Device-callable FFT?

I am running a sequence of convolutions to simulate wave propagation in a medium. Running the profiler, I find cputime is more than twice gputime for one convolution (201us vs. 408us).

Assuming the difference is due to overhead, is there a device-callable FFT in CUFFT I could use to create a single kernel? Or is there a way to use the kernels inside CUFFT to reduce the cputime?

I run several thousand convolutions at a time and over 1.5 million during the entire run of my algorithm, so the performance boost would be significant. I’d hate to write my own 2D FFT from scratch.

Thanks in advance for any ideas.

If you are operating on device pointer, you should not see all this overhead.

This is a code that does 2D FFT, something on the data, 2D iFFT.

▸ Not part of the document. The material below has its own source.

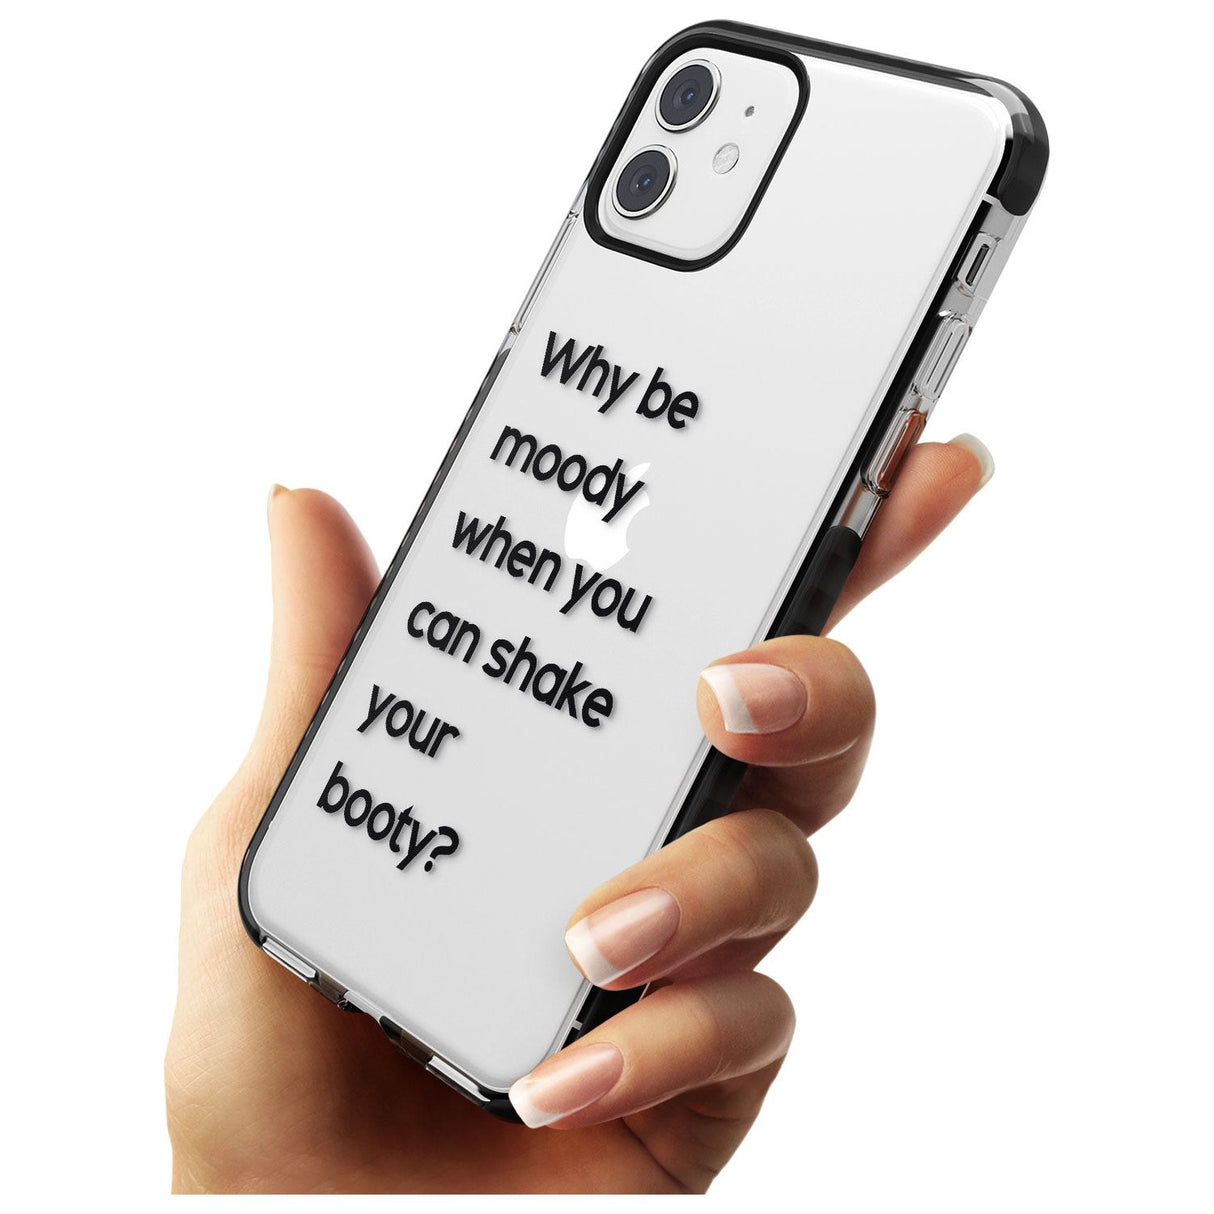 Why be moody? Pink Fade Impact Phone Case for iPhone 11 Pro Max

rhs_complex is a device pointer.

/* Compute FFT : from physical to Fourier space */

   cufftExecute(plan, rhs_complex_d,rhs_complex_d, CUFFT_FORWARD);

/* Solve the Poisson equation in Fourier space */

   solve_poisson<<<dimGrid,dimBlock>>>(rhs_complex_d,kx_d,ky_d,N);

/* Compute FFT : from Fourier to physical space */

   cufftExecute(plan, rhs_complex_d,rhs_complex_d, CUFFT_INVERSE);

/* Copy the solution back to a real array and apply scaling */

   complex2real_scaled<<<dimGrid,dimBlock>>>(rhs_complex_d,rhs_real_d,N,scale);

This is the output from the profiler:

As you can see, the cputime and gputime are very similar.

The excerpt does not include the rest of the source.